By the use of flesh meat the animal nature is strengthened and the spiritual nature weakened.— Evangelism, p. 663.

In this era of moral apostasy the man of God can ill afford to increase the odds against his survival. Though vegetarianism does not guar­antee chastity nor flesh eating destroy it, the lat­ter does place undue strain upon it. Hence it is a weight. Says the Scriptures, "Let us lay aside every weight" (Heb. 12:1). On this subject the Advent ministry has access to great light. It is their privilege to become teaching examples o£ healthful living. It is true that the kingdom of heaven is not meat and drink. But who can deny that meat and drink have been stumbling blocks to the kingdom in many instances? Possessors of great light are strongly urged to prac­tice healthful living.

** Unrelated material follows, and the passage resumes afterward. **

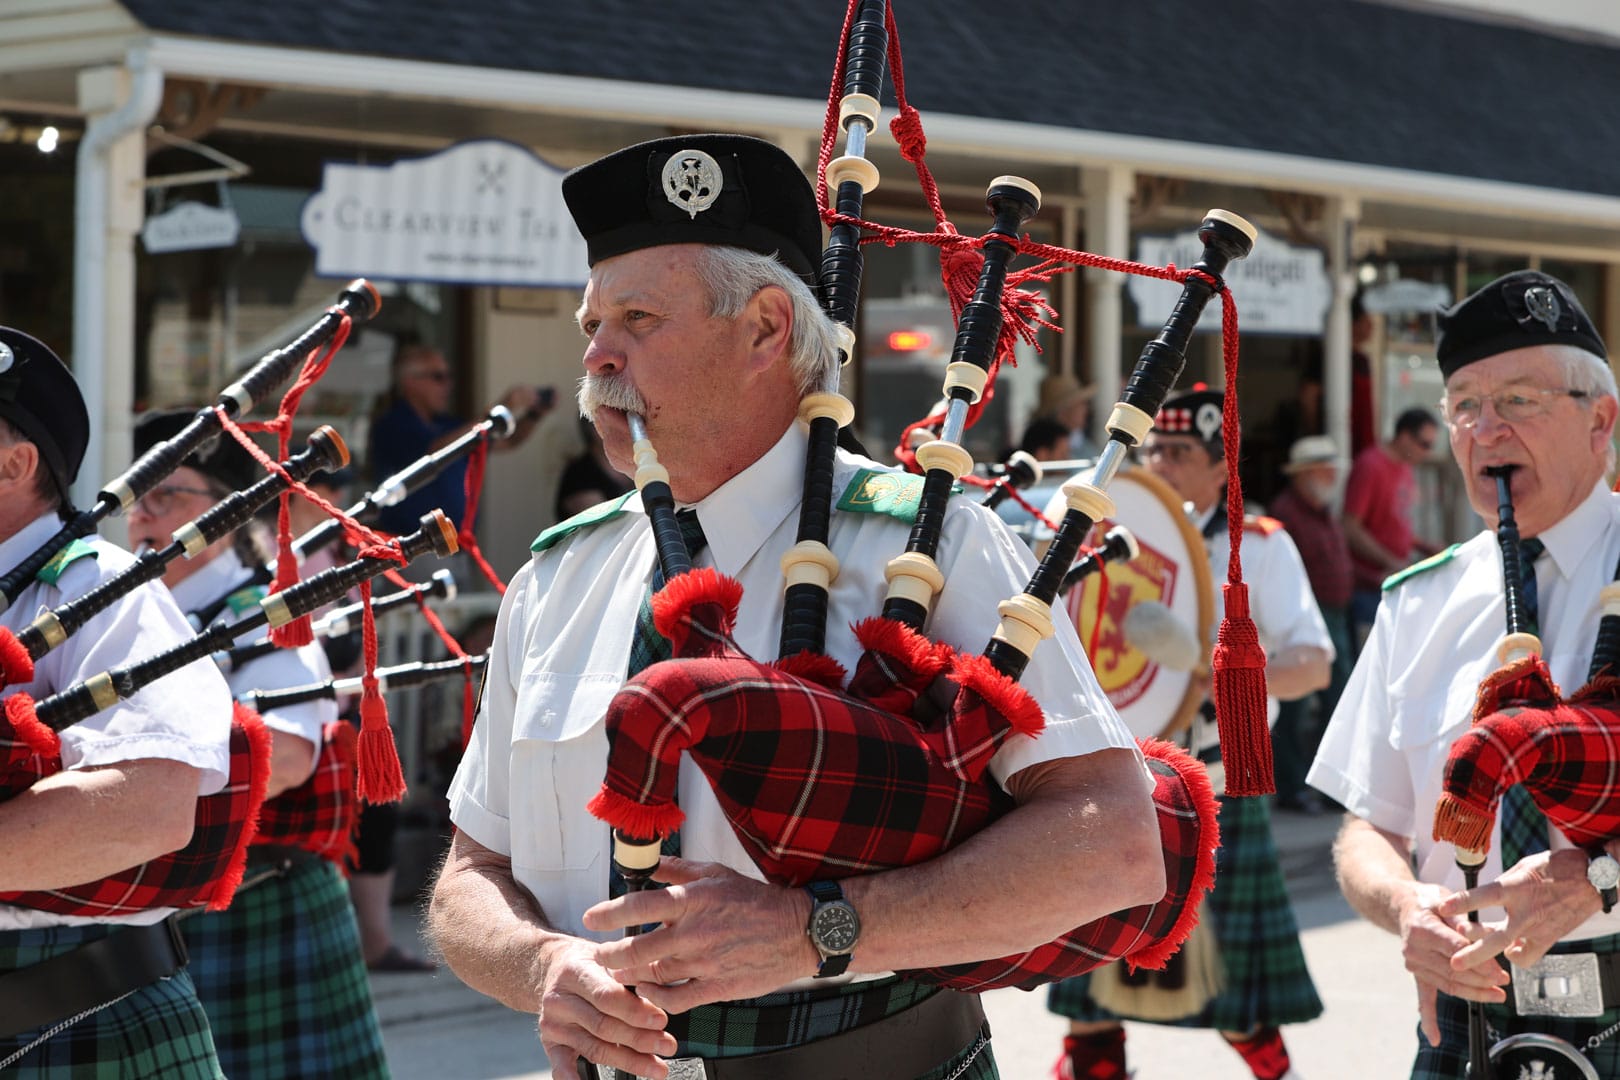 Pipe and drum band at Schomberg Fair Annual Parade

If, in the face of the light God has given concern­ing the effect of meat eating on the system, you will still continue to eat meat, you must bear the conse­quences.—Ibid., p. 664.

Physical health is not the only part of man's life affected by flesh eating.

Would God for thirty years give His people the message that if they desire to have pure blood and clear minds, they must give up the use of flesh meat, if He did not want them to heed this message?— Ibid., p. 663.

This statement cannot mean that vegetarians have clear minds and flesh eaters do not. The reader is probably familiar with some abstainers who live in perpetual mental fog and meat eat­ers who are noted for their sharp, analytical minds. It is, rather, a challenge to the individ­ual to attain to his own full potential, casting off all hindrances.

Finally, there is the question of ministerial in­fluence. Does not this striking statement of the apostle apply here? "Wherefore, if meat make my brother to offend, I will eat no flesh while the world standeth, lest I make my brother to offend" (1 Cor. 8:13).

Brethren, the laymen are reading the books published by the church. The writings of El­len G. White are accepted by them as of divine origin. It does little to strengthen the confidence of laymen in these teachings when they see Heaven's counsel lightly regarded.

Be careful what attitude you assume, lest you be found causing division. ... Do not harm others by opposing the light God has given on this subject. . . . Do not take a position before the people that will permit them to think that it is not necessary to call for a reform in regard to meat eating, because the Lord is calling for reform. ... In counterwork­ing the efforts of your fellow laborers who are teach­ing health reform, you are out of order, working on the wrong side.—Ibid., pp. 664, 665.

Too Late

Fanatical groups within the church are creat­ing havoc with this phase of the Lord's program. Is it not time that the ministry seize the initia­tive, organize classes, and teach total health re­form to God's people? If not now, when?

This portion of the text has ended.